I am also seeing that several women have dated married men and known about it.. But that is another story.. But again falls into this sort of category.. 

So I guess I am wondering has this what dating has degenerated to ? Or what the life of an older ( late 30s to 40s ) single person becomes ?..

Years back I had a female friend who mentioned that she would love to find a steady man, but it just seems everyone just wants to hook up.. She said its a bit tough sometimes but she just accepted that's how it is.. Again this was years ago ( maybe 5 ) and I was married at that time.. 
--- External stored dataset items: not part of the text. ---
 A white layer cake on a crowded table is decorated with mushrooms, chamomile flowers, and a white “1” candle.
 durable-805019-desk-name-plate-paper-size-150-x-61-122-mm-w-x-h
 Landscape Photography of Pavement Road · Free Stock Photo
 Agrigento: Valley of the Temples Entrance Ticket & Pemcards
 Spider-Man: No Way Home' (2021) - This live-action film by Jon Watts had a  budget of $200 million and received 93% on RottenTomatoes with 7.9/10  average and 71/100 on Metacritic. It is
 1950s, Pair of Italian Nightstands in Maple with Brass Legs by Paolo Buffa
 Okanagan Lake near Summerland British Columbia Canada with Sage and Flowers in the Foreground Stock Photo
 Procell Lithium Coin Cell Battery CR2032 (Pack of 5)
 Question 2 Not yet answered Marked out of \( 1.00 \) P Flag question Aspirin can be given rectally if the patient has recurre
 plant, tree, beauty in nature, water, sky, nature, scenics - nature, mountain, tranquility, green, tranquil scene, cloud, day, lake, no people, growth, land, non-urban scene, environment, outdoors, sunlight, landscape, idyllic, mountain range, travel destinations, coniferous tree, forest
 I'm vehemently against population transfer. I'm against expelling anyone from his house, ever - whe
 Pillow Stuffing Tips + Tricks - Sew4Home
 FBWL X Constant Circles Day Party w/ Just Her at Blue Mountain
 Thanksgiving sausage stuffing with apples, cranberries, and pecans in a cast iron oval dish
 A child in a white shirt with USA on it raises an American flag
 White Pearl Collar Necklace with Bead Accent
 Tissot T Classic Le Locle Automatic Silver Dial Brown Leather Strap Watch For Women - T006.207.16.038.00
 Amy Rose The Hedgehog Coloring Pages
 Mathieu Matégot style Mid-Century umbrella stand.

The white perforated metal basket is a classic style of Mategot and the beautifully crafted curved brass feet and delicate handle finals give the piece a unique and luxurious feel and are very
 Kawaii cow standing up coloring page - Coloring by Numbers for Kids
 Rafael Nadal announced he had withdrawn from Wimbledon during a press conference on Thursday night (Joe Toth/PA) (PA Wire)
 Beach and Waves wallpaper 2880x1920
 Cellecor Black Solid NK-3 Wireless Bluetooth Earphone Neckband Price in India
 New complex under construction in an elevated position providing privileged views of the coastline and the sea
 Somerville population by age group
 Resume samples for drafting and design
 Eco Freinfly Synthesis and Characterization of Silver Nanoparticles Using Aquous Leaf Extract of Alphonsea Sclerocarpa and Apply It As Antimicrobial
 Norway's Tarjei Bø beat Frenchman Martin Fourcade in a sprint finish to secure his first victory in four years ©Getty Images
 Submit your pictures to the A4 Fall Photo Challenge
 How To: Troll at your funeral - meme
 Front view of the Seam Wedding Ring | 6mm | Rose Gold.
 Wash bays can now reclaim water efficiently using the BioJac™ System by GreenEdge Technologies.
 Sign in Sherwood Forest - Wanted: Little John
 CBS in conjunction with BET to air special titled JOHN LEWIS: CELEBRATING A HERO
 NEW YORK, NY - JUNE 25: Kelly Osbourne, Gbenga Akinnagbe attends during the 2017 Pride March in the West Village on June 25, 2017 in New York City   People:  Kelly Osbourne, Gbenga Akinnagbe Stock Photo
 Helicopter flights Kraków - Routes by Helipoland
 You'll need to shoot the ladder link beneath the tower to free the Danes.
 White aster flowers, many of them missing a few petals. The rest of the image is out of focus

Jellybeans, you pretty much made it clear what I was getting at as well and maybe I'm not that mature. But I couldn't handle what I think as a monogamous relationship and have my GF have guy friends that even though she only seen them as friends are really guys that want to fvck her and in some cases for some people actually did fvck.. You get what I am saying ?

I would find it difficult being in the same place with a guy who is all chummy with my GF and knowing he had his d!ck in her at some time.. I feel like I'm the joke.. Like he is telling people, whatever you did to her, I did it first.. And yes I know people aren't virgins.. I just feel its too much in my face type of thing..


----------



## 2ntnuf (Jul 14, 2012)

It's been a long time since I was in that position. What I found was the female friends I had were interested in me, but if I did not show interest in them for more than a friendship, they didn't say much and seemed hurt unless I flirted a little. The ones who were not interested in me were friends because I was a friend of their SO. If there was no SO and they weren't interested, they generally did not like me and weren't very friendly or respectful.


----------



## meson (May 19, 2011)

It's more about how you feel than what others think. I'm one who thinks OSFs can add a lot to a person and it can work IF both spouses share the same opinion on it.

OSFs make you feel uncomfortable. Your GFs OSFs were an issue. These gut feeling will not go away and your GF ideas on it differ from yours so I would recommend being in a relationship where they are restricted.


----------



## 2ntnuf (Jul 14, 2012)

meson said:


> It's more about how you feel than what others think. *I'm one who thinks OSFs can add a lot to a person* and it can work IF both spouses share the same opinion on it.
> 
> OSFs make you feel uncomfortable. Your GFs OSFs were an issue. These gut feeling will not go away and your GF ideas on it differ from yours so I would recommend being in a relationship where they are restricted.


I think you forgot to add the ones in a relationship or married, have to be mature enough and secure enough in their relationship and personal boundaries surrounding fidelity, that everyone knows they are off-limits unless they are not in a relationship. There will be testing going on by those interested. Guaranteed there will. It's like putting up a deep discount sign in a favorite clothing or hardware store.


----------



## Openminded (Feb 21, 2013)

You understandably want someone who will totally focus on you without the distraction of OSF and there are plenty of females out there who would be happy to do that. 

Look harder for them and don't get distracted along the way by someone like your ex-girlfriend. That type will obviously never work for you.


----------